Hoe gaat Java om met geheugentoewijzing vergeleken met C?

Java gebruikt automatische geheugentoewijzing en garbage collection om geheugenlekken en dangling pointer te voorkomen.

26
New cards

Hoeveel argumentregisters biedt RISC-V voor procedures?

RISC-V biedt acht argumentregisters (x10-x17) voor procedures.

27
New cards

Wat gebeurt er als er meer dan acht parameters zijn in een procedureaanroep in RISC-V?

Extra parameters worden op de stack geplaatst, adresseerbaar via de frame pointer.

28
New cards

Wat is het voordeel van het gebruik van een frame pointer in een procedure?

De frame pointer biedt een stabiel basisregister binnen een procedure, waardoor het gemakkelijker wordt om naar variabelen op de stack te verwijzen.

29
New cards

Wat is tail recursion?

Tail recursion treedt op wanneer een procedure zichzelf aanroept als laatste actie, wat zorgt voor geoptimaliseerde prestaties door extra retourstappen te elimineren.

30
New cards

Wat is het text segment in het RISC-V-geheugen?

Het tekstsegment bevat de machinetaalcode voor het programma.

31
New cards

Wat is het static data segment in het RISC-V-geheugen?

Het statische datasegment stores constants and static variables that persist tijdens procedure-aanroepen.

32
New cards

Wat zijn automatische variabelen in C?

Automatische variabelen zijn lokaal voor een procedure en worden verwijderd als de procedure wordt afgesloten.

33
New cards

Wat is de standaard 8-bits weergave van tekens die de meeste computers gebruiken?

ASCII (American Standard Code for Information Interchange)

34
New cards

Waarin verschilt ASCII in de weergave van hoofdletters en kleine letters?

Hoofdletters en kleine letters verschillen precies 32 in hun ASCII-waarden.

35
New cards

Wat is de gebruikelijke conventie in C om het einde van een string aan te geven?

De nulbyte (0)

36
New cards

Hoe gaat Java anders om met tekencodering dan C?

Java gebruikt Unicode (UTF-16), dat doorgaans 16 bits gebruikt om een teken weer te geven.

37
New cards

Hoe geeft Java de lengte van een string weer?
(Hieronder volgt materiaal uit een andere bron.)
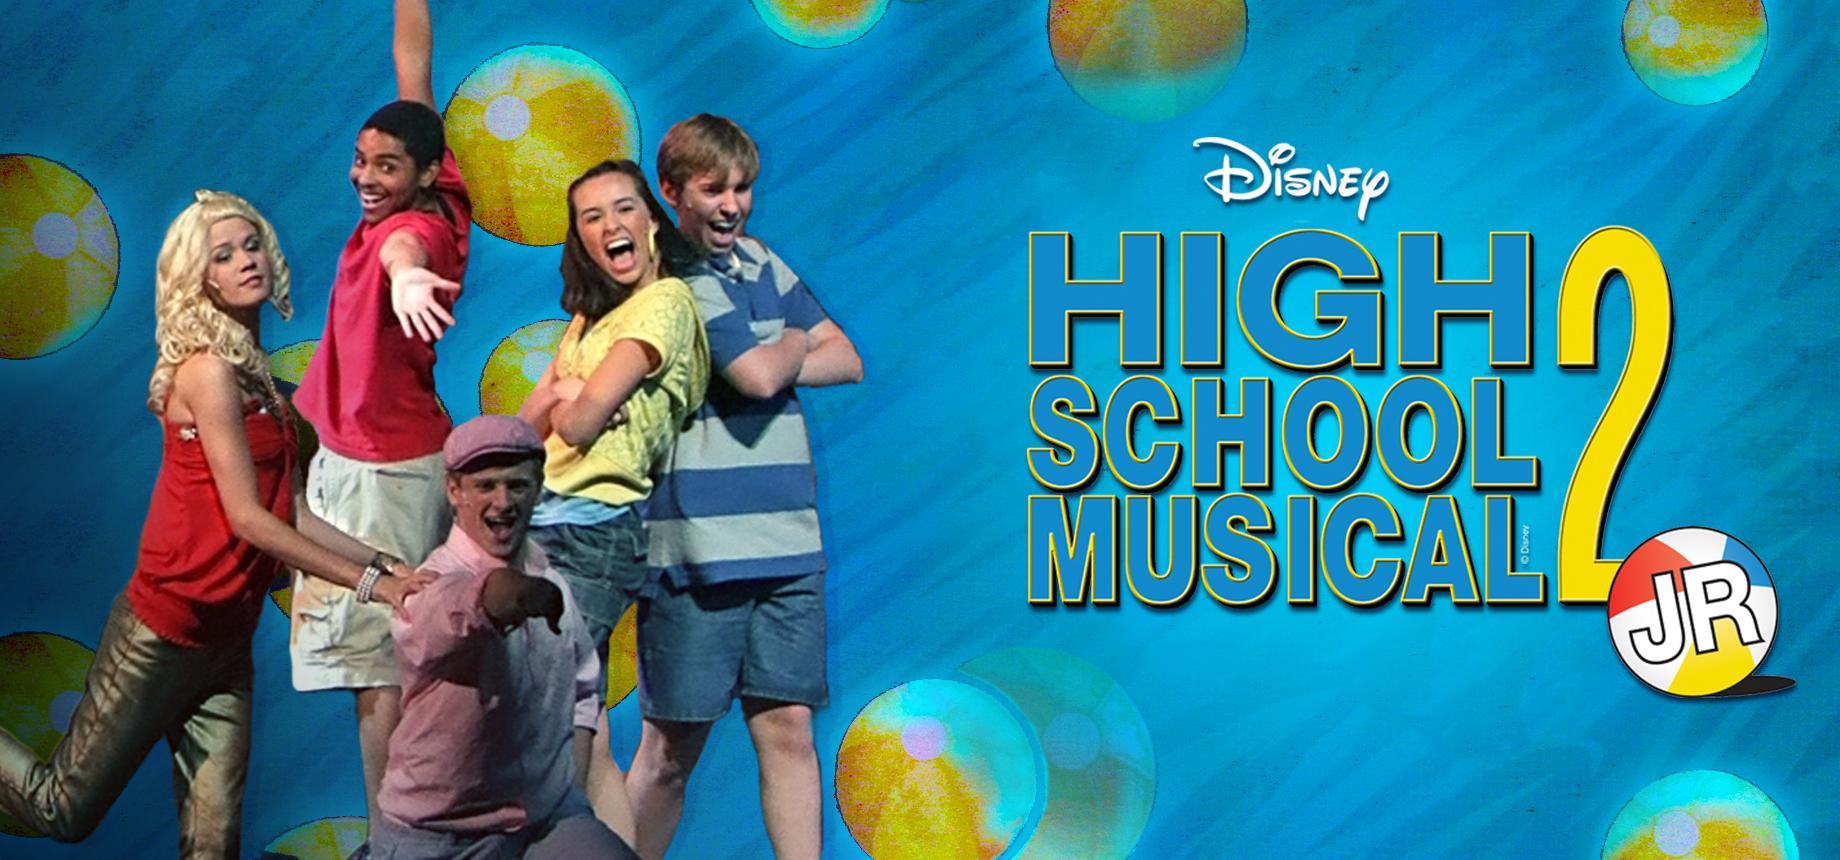 Disney S High School Musical 2 Jr

Java bevat een woord dat de lengte van de string weergeeft.

38
New cards

Waarin verschilt UTF-8 codering van UTF-16?

UTF-8 gebruikt codering met variabele lengte (8, 16 of 32 bits), terwijl UTF-16 16 bits per teken gebruikt.

39
New cards

Wat zijn de drie methoden om de lengte van een tekenreeks weer te geven?

1) Lengte op de eerste positie,

2) Lengte opgeslagen in een variabele,

3) Null character termination.

40
New cards

Hoe wordt PC-relative addressing gebruikt in RISC-V branches?

Het branch address is de som van de huidige PC en de constante in de instructie.

41
New cards

Waarom is PC-relative addressing efficiënt voor conditional branches?

Omdat de meeste branches naar instructies in de buurt zijn, waardoor het gemakkelijker is om kleine offsets te coderen.

42
New cards

Welke addressing mode wordt gebruikt in RISC-V voor toegang tot geheugen op een locatie ten opzichte van een basisregister?

Base or displacement addressing.

43
New cards

Hoe berekenen RISC-V branch instructions het branch target address?

Door een PC-relatieve offset toe te voegen aan de huidige programmateller.

44
New cards

Waarvoor staat PC?

Program counter

45
New cards

Wat is PC-relatief adresseren in RISC-V?

PC-relatief adresseren is een modus waarbij het doeladres wordt berekend door een constante van de instructie toe te voegen aan de huidige waarde van de programmateller (PC), waardoor aftakkingen en sprongen naar instructies in de buurt mogelijk zijn.